| Task brief |
Could you retype exactly the lines below between the one holding "Why You Should" and the one holding "Connie Hanks Photography", inclusive, leaving out any pictures?

| Record set |
====================
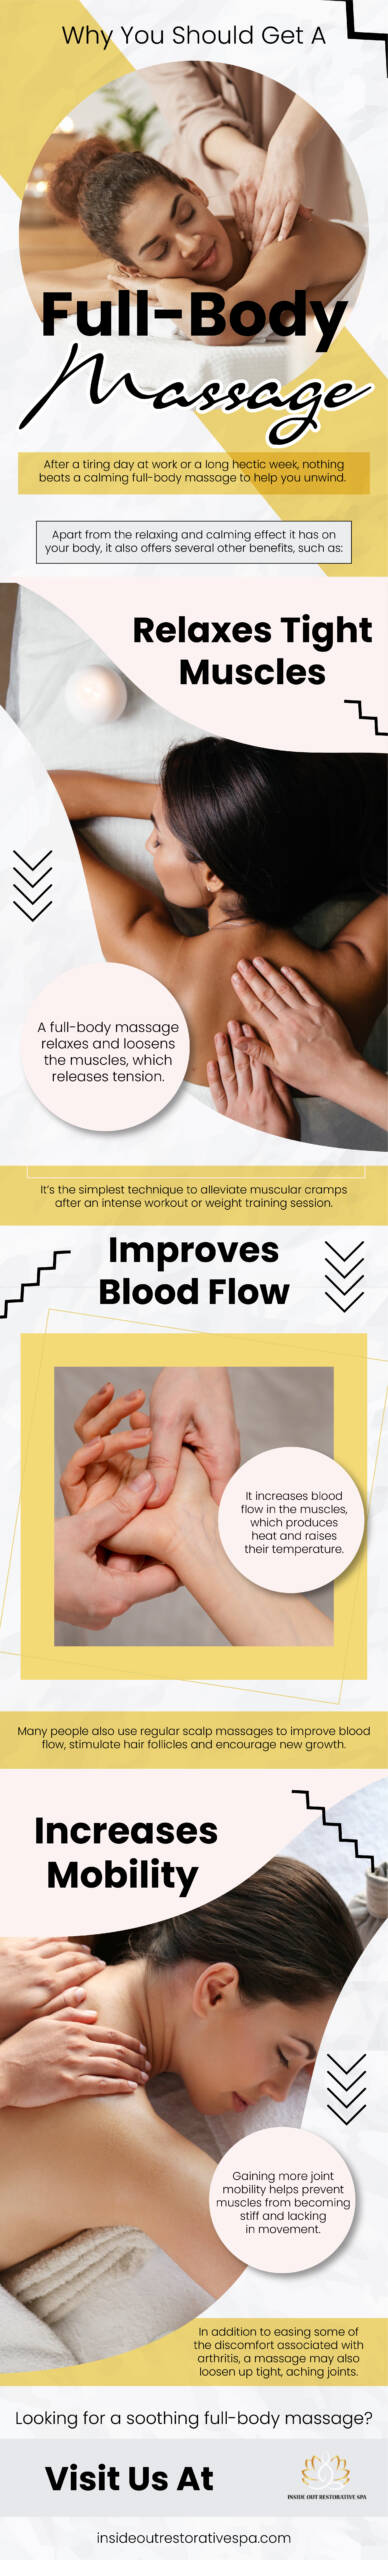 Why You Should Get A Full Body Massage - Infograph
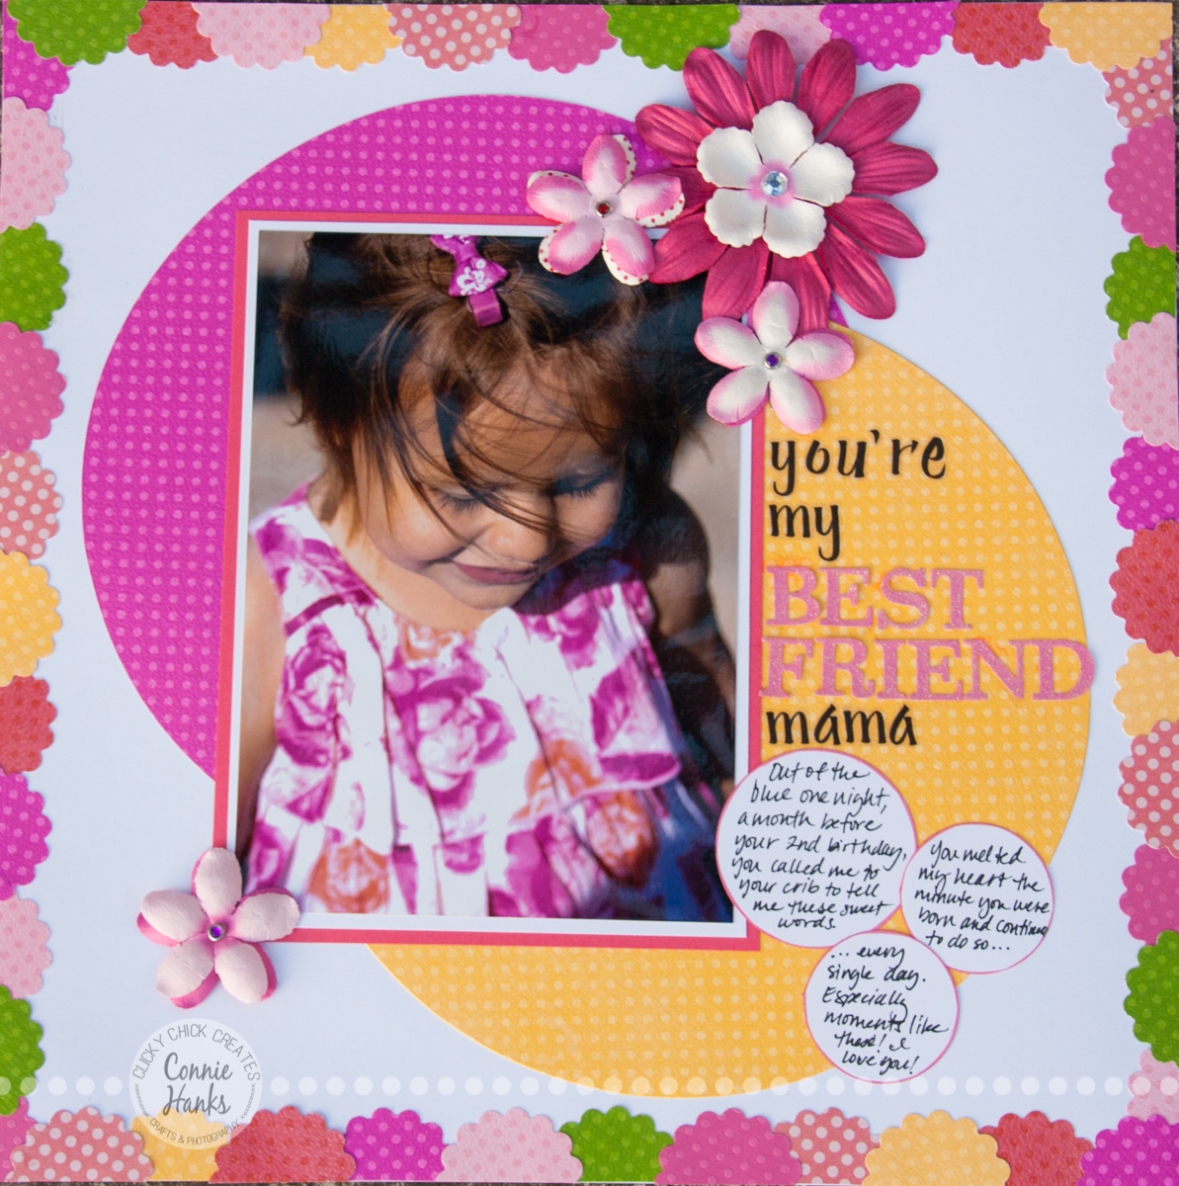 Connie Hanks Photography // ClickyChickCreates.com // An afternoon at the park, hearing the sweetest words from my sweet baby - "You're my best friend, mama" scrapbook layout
====================
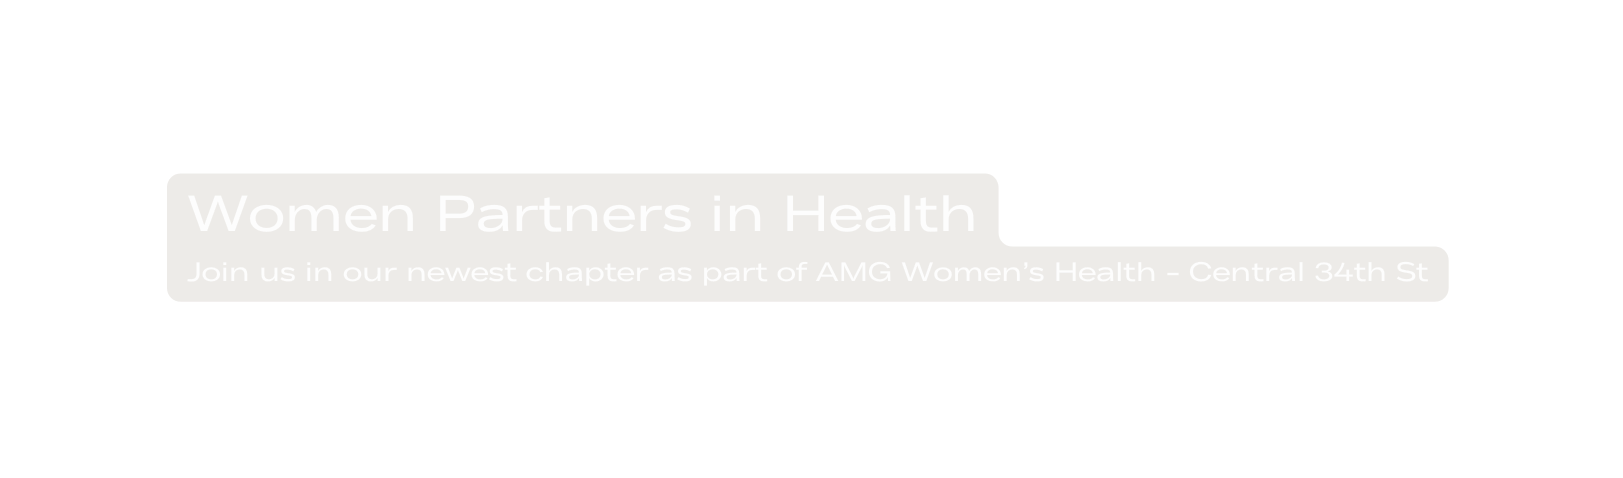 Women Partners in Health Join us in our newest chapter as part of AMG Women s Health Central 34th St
====================
| Solved exercise |
 Why You Should Get A Full Body Massage - Infograph
 Connie Hanks Photography // ClickyChickCreates.com // An afternoon at the park, hearing the sweetest words from my sweet baby - "You're my best friend, mama" scrapbook layout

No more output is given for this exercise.